• _Assigned task_: A letter-for-letter copy of the listing is required, with no pictures in it.

• _Source data_:
————

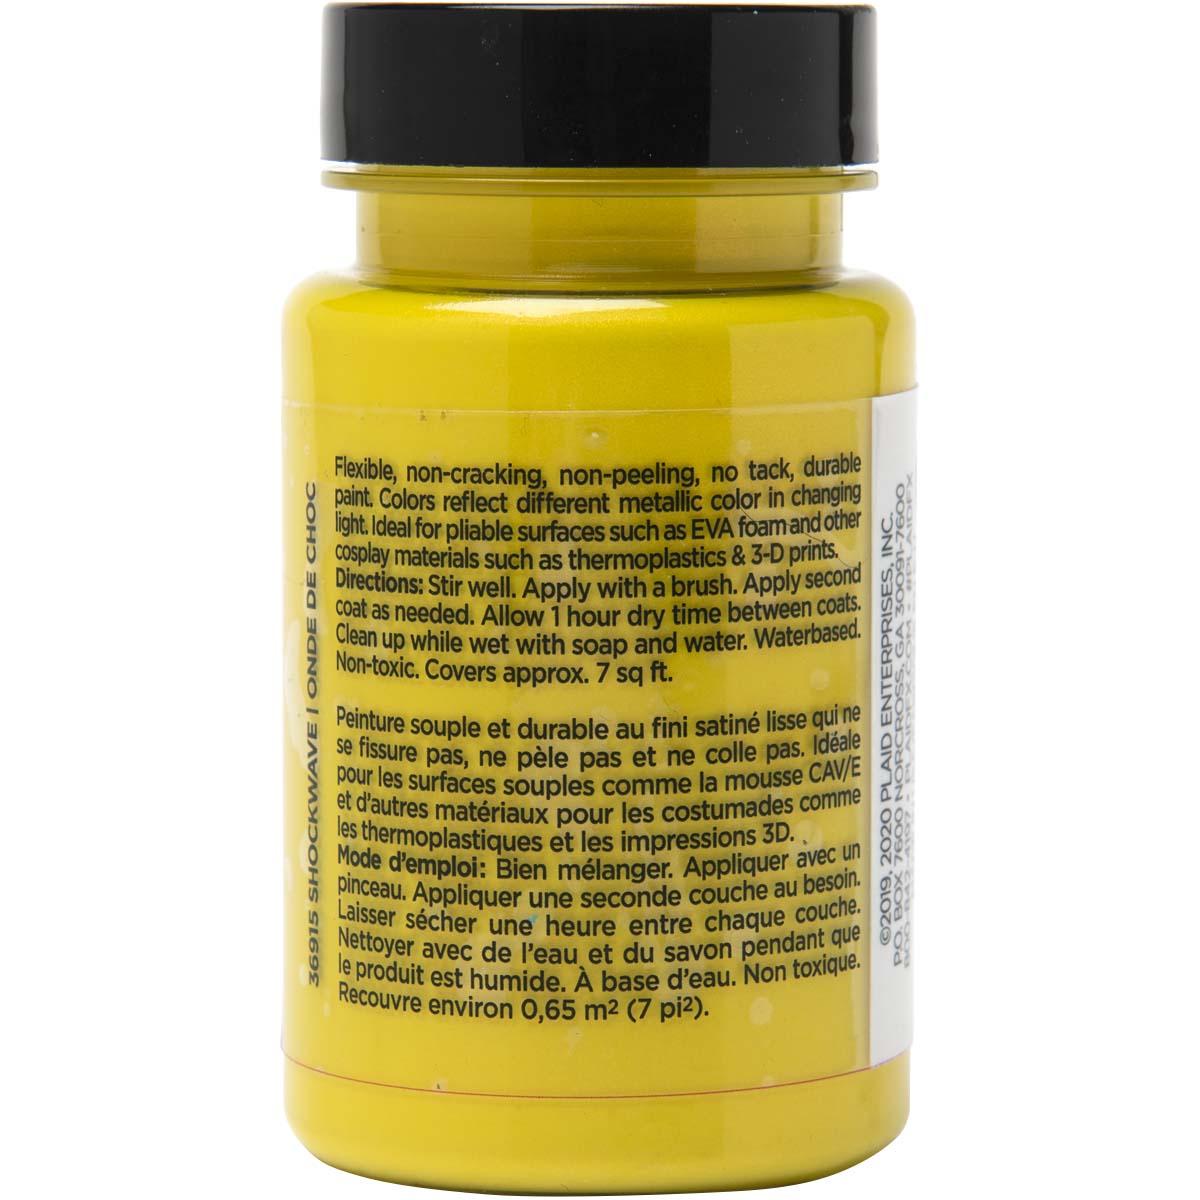 PlaidFX Mutant Shift Flexible Acrylic Paint - Shockwave, 3 oz. - 36915
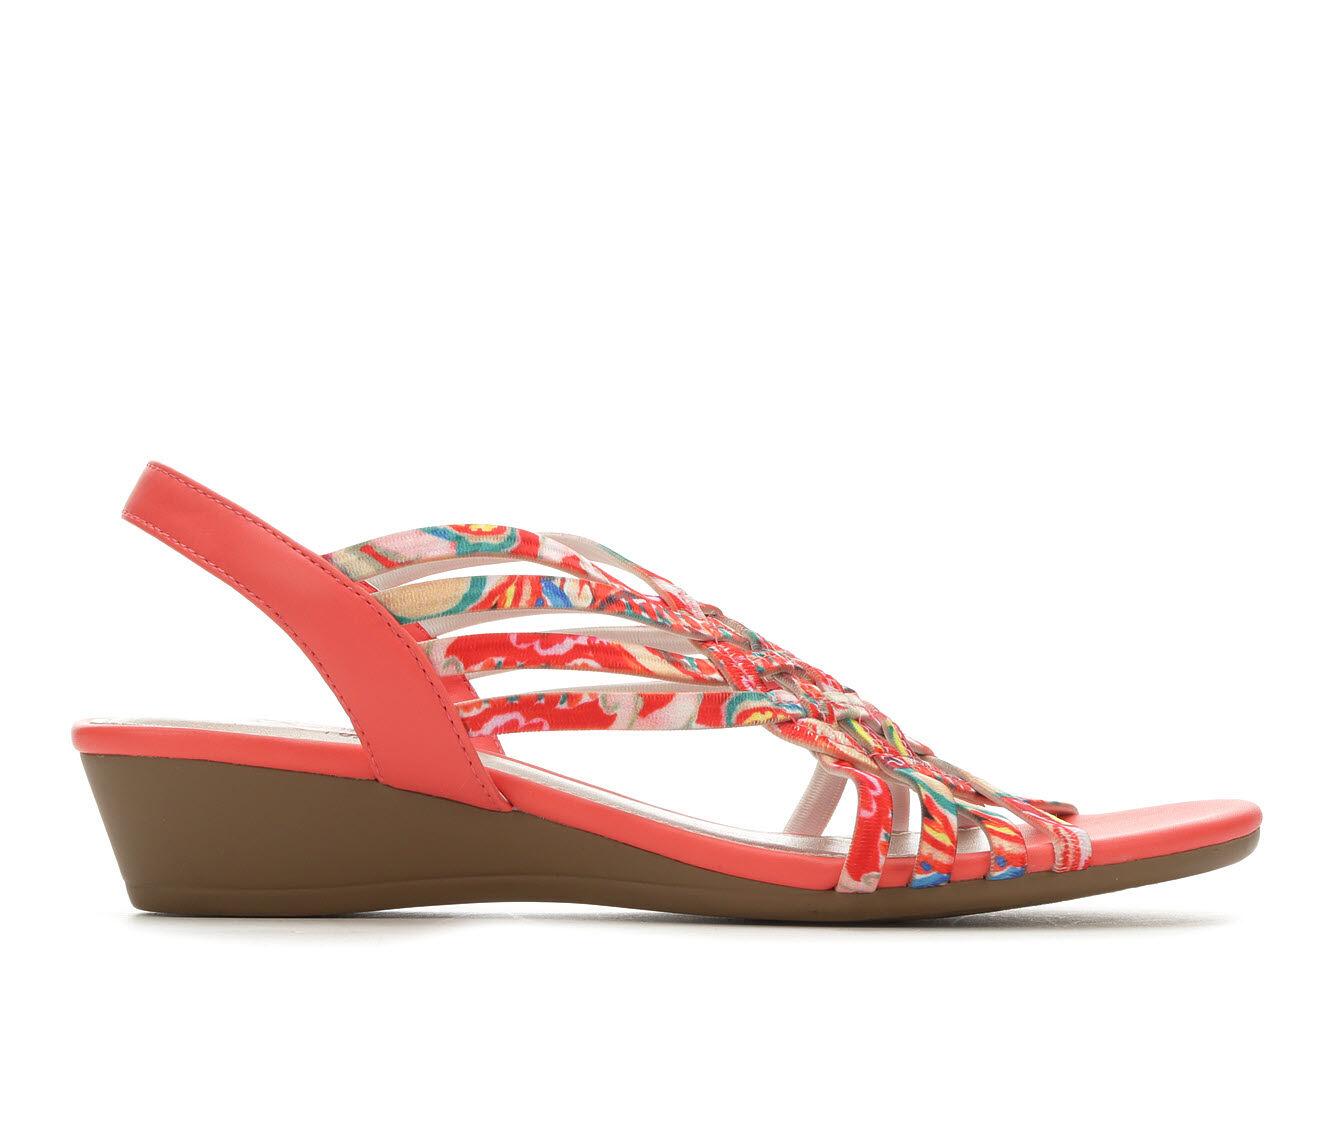 choose authentic Women's Impo Rosia Strappy Sandals Coral Multi
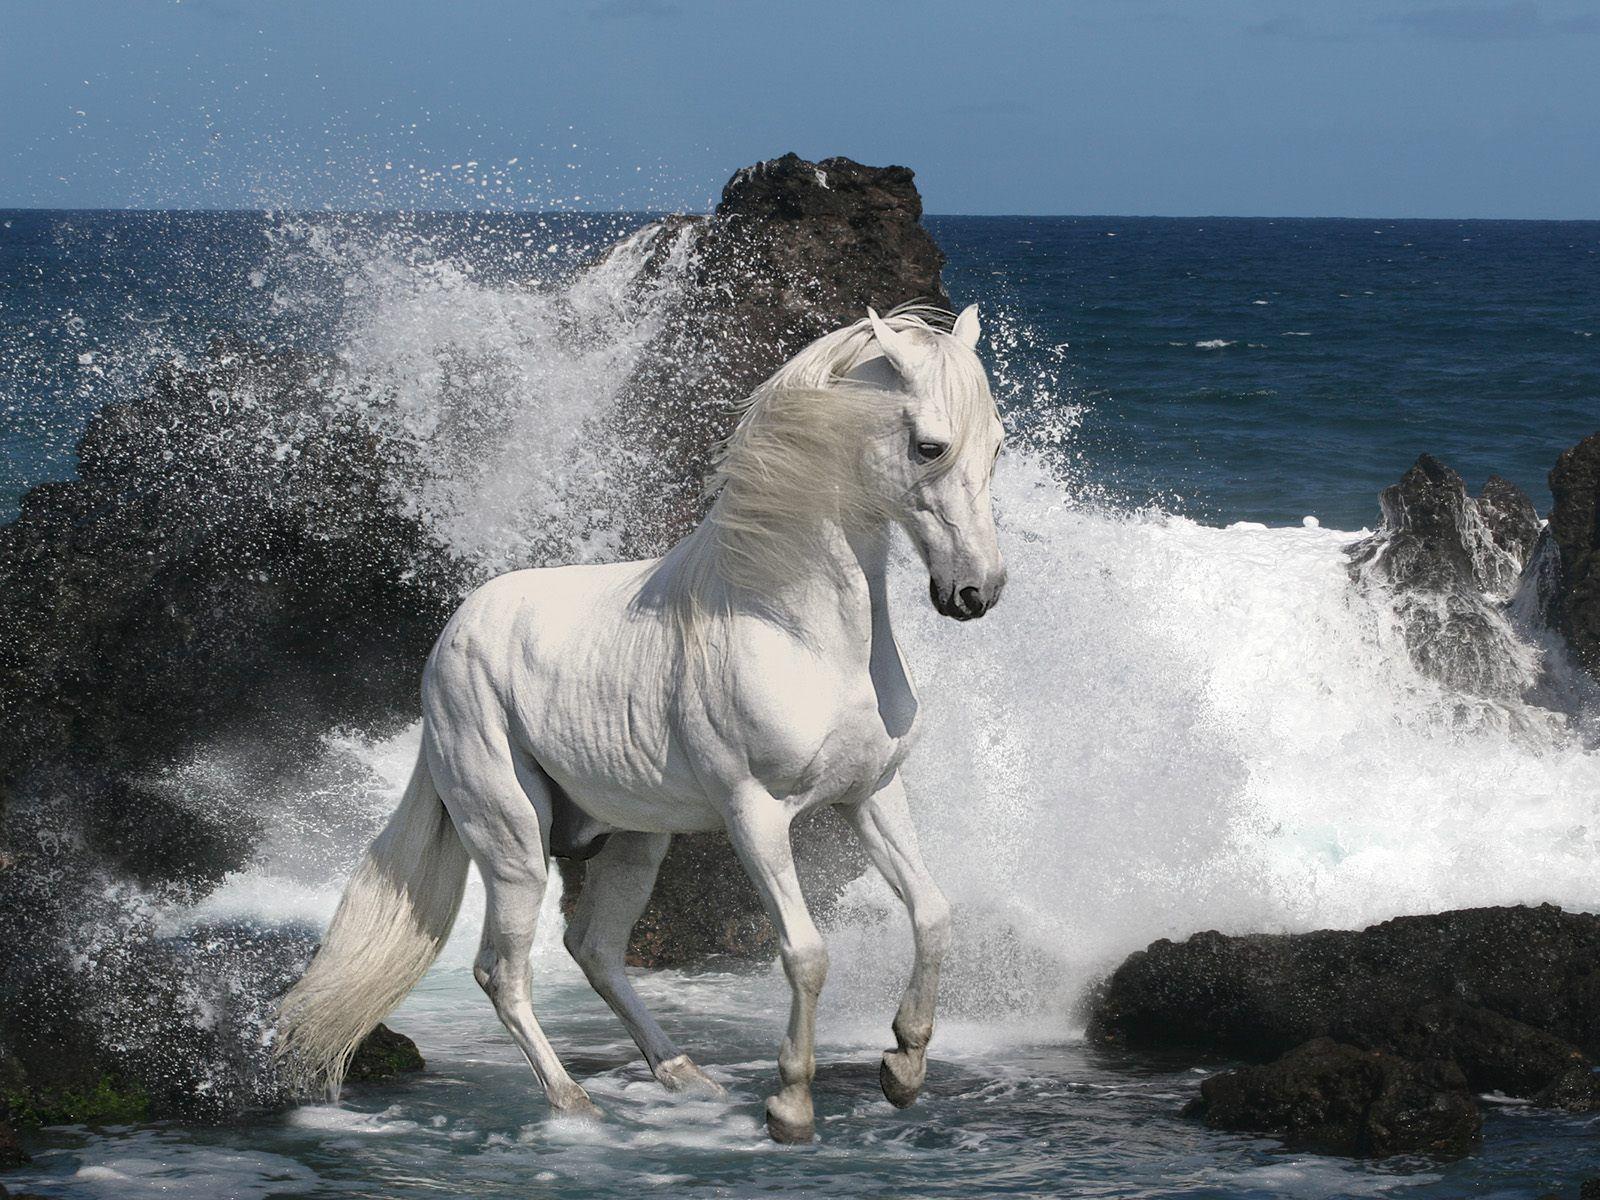 Good Wallpaper Horse Ocean - 3651229df9f232e6563057e8371fe598  You Should Have_569142.jpg
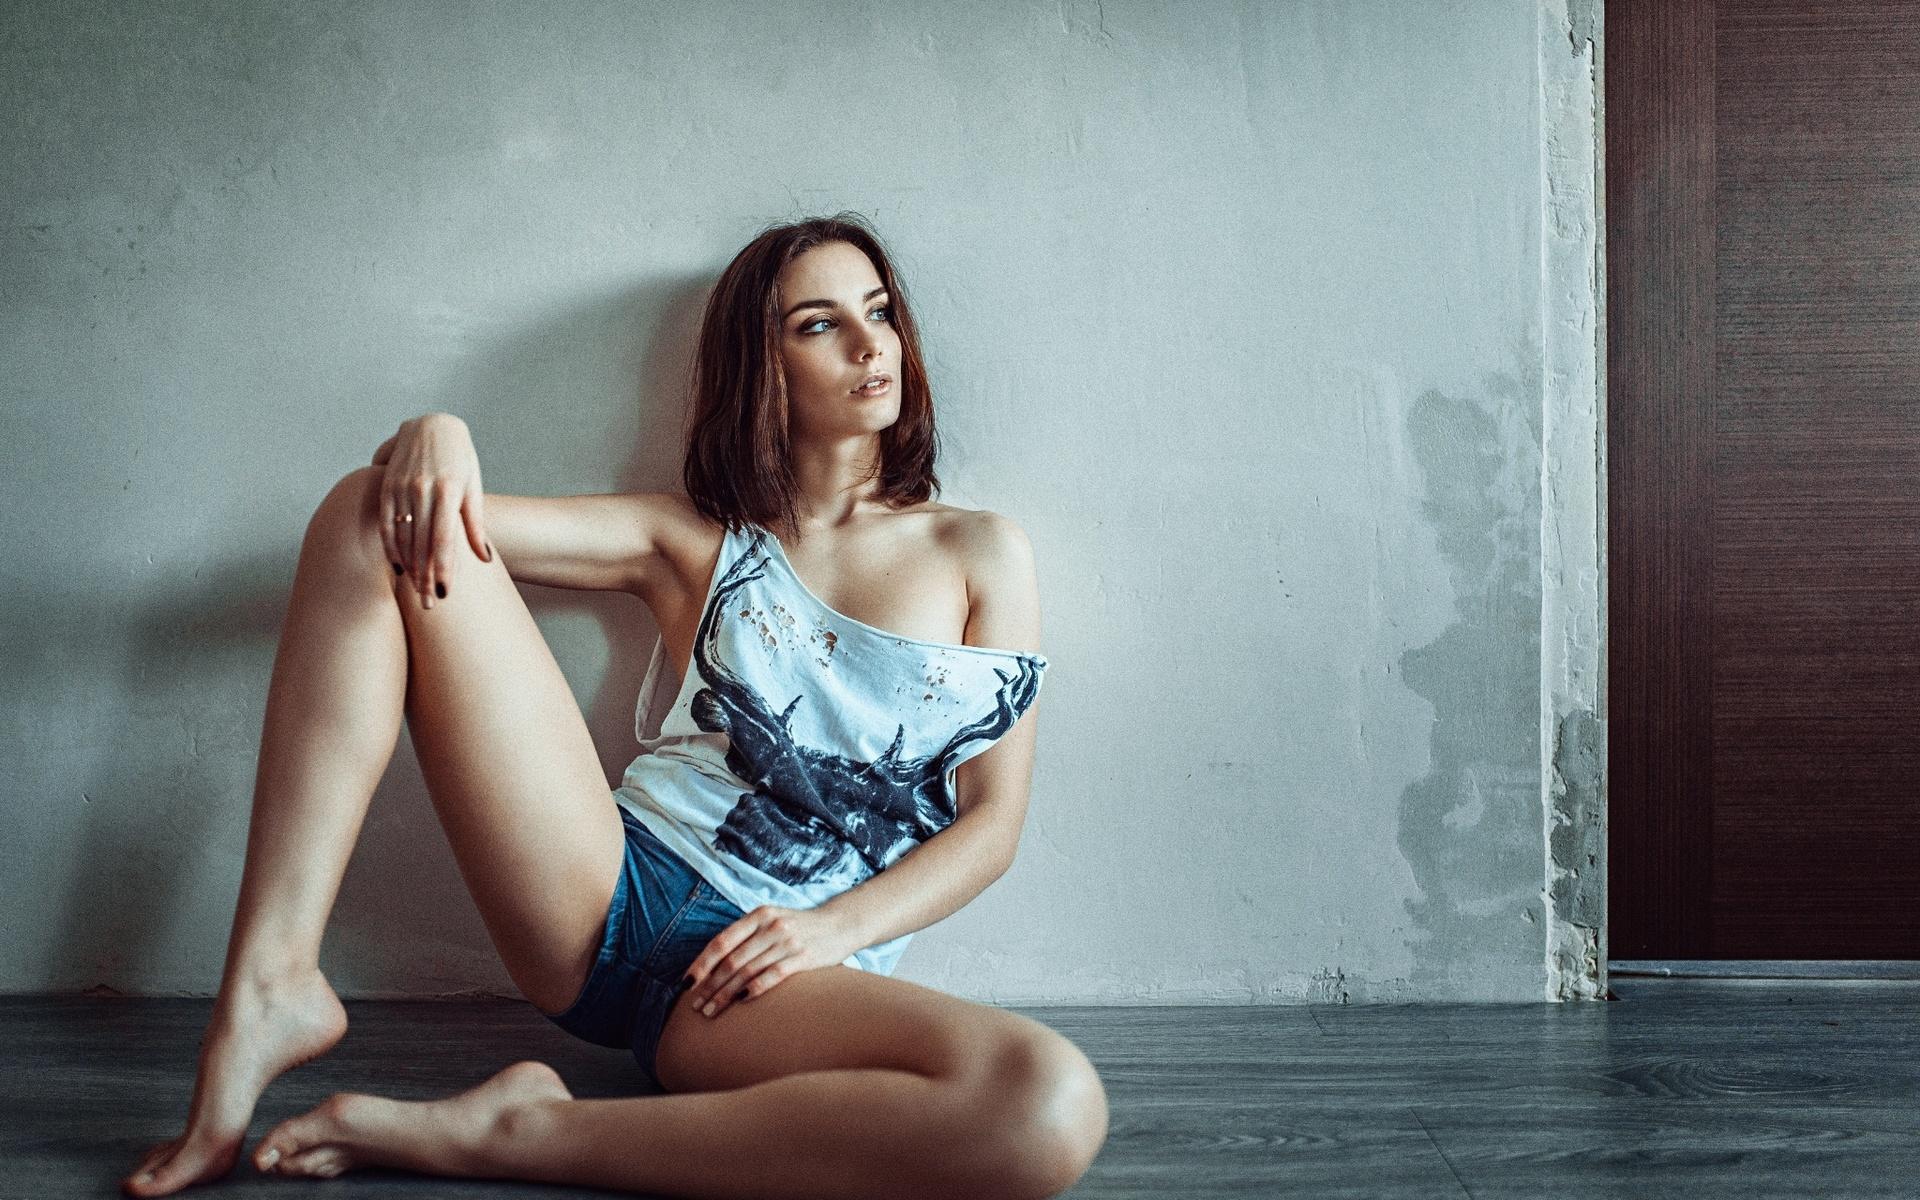 Раздвинутые колени девушки, Русская женщина раздвинула ноги и получает оргазм 22 фотография

————

• _Exercise output_:
 PlaidFX Mutant Shift Flexible Acrylic Paint - Shockwave, 3 oz. - 36915
 choose authentic Women's Impo Rosia Strappy Sandals Coral Multi
 Good Wallpaper Horse Ocean - 3651229df9f232e6563057e8371fe598  You Should Have_569142.jpg
 Раздвинутые колени девушки, Русская женщина раздвинула ноги и получает оргазм 22 фотография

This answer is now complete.